354 F. Supp. 2d 589, 10 Wage & Hour Cas.2d (BNA) 850, 34 Employee Benefits Cas. (BNA) 1759, 2005 U.S. Dist. LEXIS 1649, 2005 WL 281248
CourtDistrict Court, D. Maryland
DecidedJanuary 25, 2005
DocketCIV.A.WMN-04-2726
StatusPublished
Cited by6 cases

This text of 354 F. Supp. 2d 589 (Emery v. Bay Capital Corp.) is published on Counsel Stack Legal Research, covering District Court, D. Maryland primary law. Counsel Stack provides free access to over 12 million legal documents including statutes, case law, regulations, and constitutions.

Bluebook
Emery v. Bay Capital Corp., 354 F. Supp. 2d 589, 10 Wage & Hour Cas.2d (BNA) 850, 34 Employee Benefits Cas. (BNA) 1759, 2005 U.S. Dist. LEXIS 1649, 2005 WL 281248 (D. Md. 2005).

Opinion

MEMORANDUM

NICKERSON, Senior District Judge.

Before the Court is Defendant’s motion for partial dismissal. Paper No. 19. The motion is ripe for decision. Upon review of the motion and the applicable case law, the Court determines that no hearing is necessary (Local Rule 105.6) and that the motion should be denied.

This case relates to an alleged promise for severance pay. Defendant is engaged in the business of retail and wholesale mortgage lending. In October of 2002, Defendant approached Plaintiff James W. Emery to manage its net branching division. After a period of negotiation, Defendant sent Plaintiff an e-mail (the Offer Email) setting out the terms of an offer of employment that including the following items:

• reimbursement for business travel and expenses
• Severance — after a period of six months (honeymoon) six months salary if terminated for any reason other than fraud or misrepresentation!!]

*591 Complaint at ¶ 3. Plaintiff accepted the offer and began working as Defendant’s Director of Net Branching in November 2002.

In October of 2003, Defendant decided to terminate Plaintiffs position. According to the Complaint, this decision was unrelated to Plaintiffs conduct or performance. Thereafter, Plaintiff requested that Defendant honor its agreement to reimburse him for certain travel expenses incurred during the course of his employment and to provide him with the promised severance pay. When Defendant refused to do so, Plaintiff filed suit in state court in Tennessee, Plaintiffs home state. Plaintiff asserts claims for breach of contract under Tennessee and Maryland law, as well as for violation of the Maryland Wage Payment and Collection Act, Md. Code Ann., Lab. & Empl. § 3-505 (Maryland Wage Act). As relief, Plaintiff seeks severance pay in the amount of $36,000, treble damages in the amount of $108,000, and reimbursement of travel expenses in the amount of $719.50.

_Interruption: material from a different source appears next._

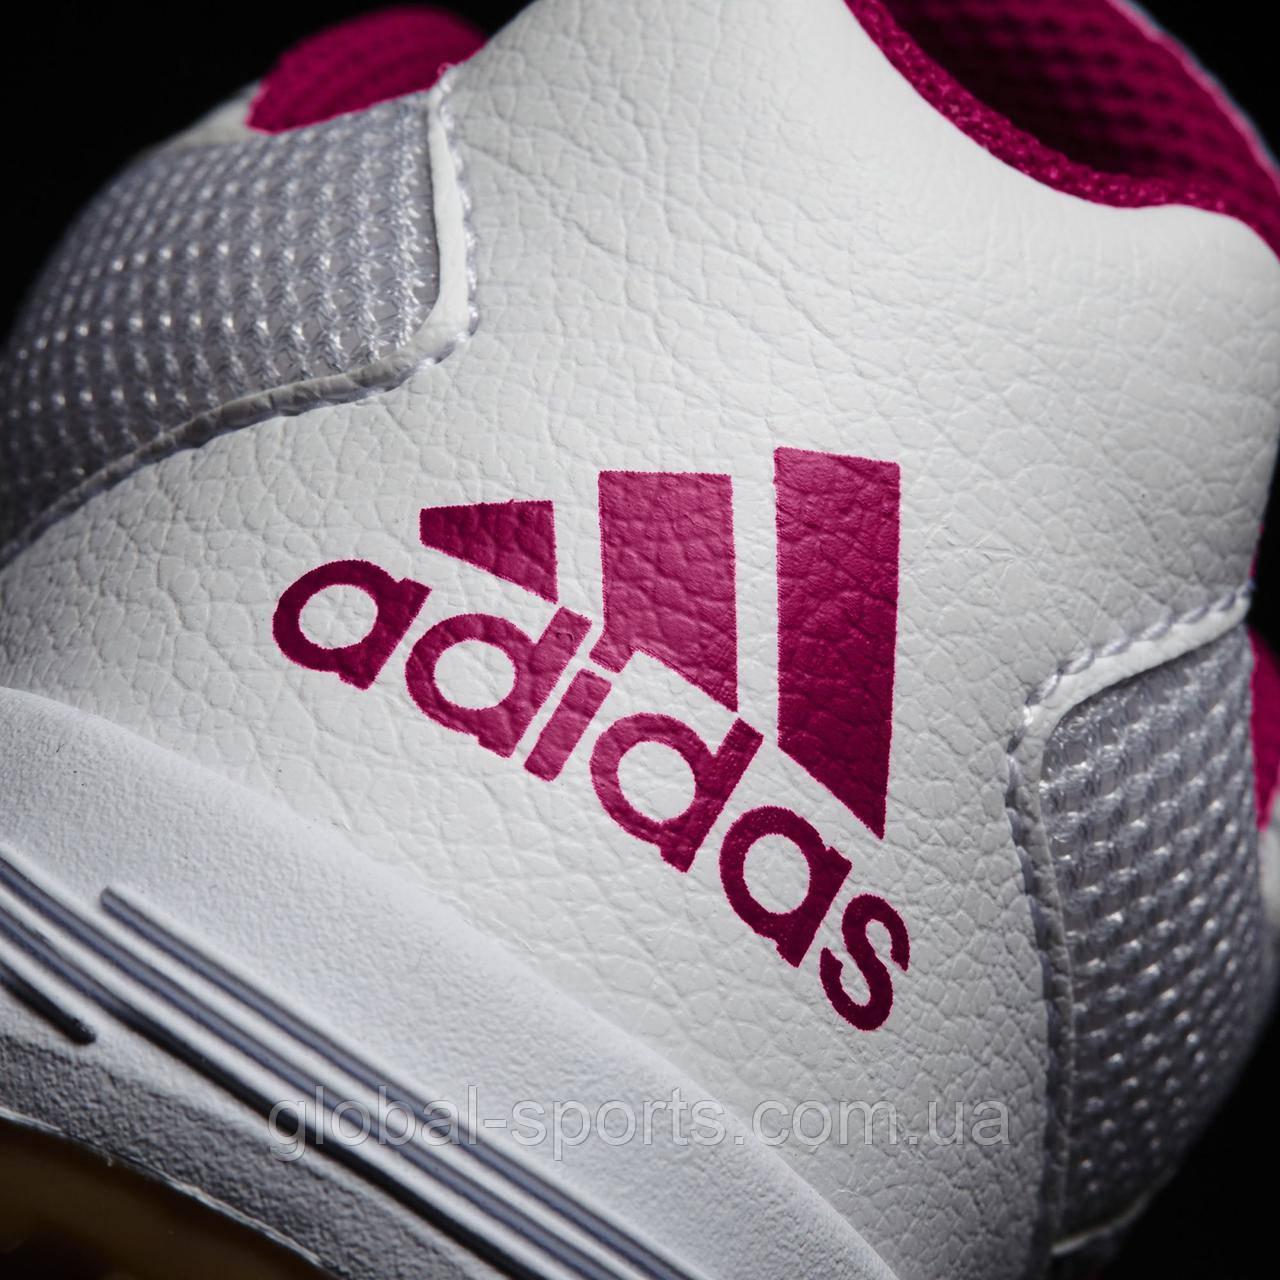 Детские кроссовки Adidas AltaRun(Артикул BA9420)  продажа 707f559ade506

Defendant removed the action to the United States District Court for the Western District of Tennessee, asserting federal jurisdiction on the basis of diversity and preemption under the Employment Retirement Income Security Act (ERISA). Defendant then moved to dismiss the case for lack of personal jurisdiction, or in the alternative, to transfer. In response to Defendant’s motion, the case was transferred here. Defendant has now moved for partial dismissal, arguing that Plaintiffs breach of contract and Maryland Wage Act claims are preempted under ERISA insofar as they relate to any claim for severance pay. 1

In enacting ERISA, Congress stated that the statute “shall supersede any and all State laws insofar as they may now or hereafter relate to any employee benefit plan.” 29 U.S.C, § 1144(a) (emphasis added). Courts have interpreted this provision broadly, holding that “[a] law ‘relates to’ an employee benefit plan, in the normal sense of the phrase, if it has a connection with or reference to such a plan.” Shaw v. Delta Air Lines, Inc., 463 U.S. 85, 96-97, 103 S.Ct. 2890, 77 L.Ed.2d 490 (1983). In a decision upon which Defendant relies heavily, Bogue v. Ampex Corp., 976 F.2d 1319 (9th Cir.1992), the Ninth Circuit characterized ERISA preemption as “notoriously broad,” but also noted that “recent cases have held that it has reasonable limits.” Id. at 1322.

There is no dispute that severance pay can be considered an “employee benefit” as that term is defined under ERISA. See Holland v. Burlington Indus., Inc., 772 F.2d 1140 (4th Cir.1985). ERISA’s preemption provision, however, does not refer to state laws relating to “employee benefits,” but rather to state laws relating to “employee benefit plans.” Therefore, the issue before this Court is whether Defendant’s promise to Plaintiff to provide severance pay created a “benefit plan.”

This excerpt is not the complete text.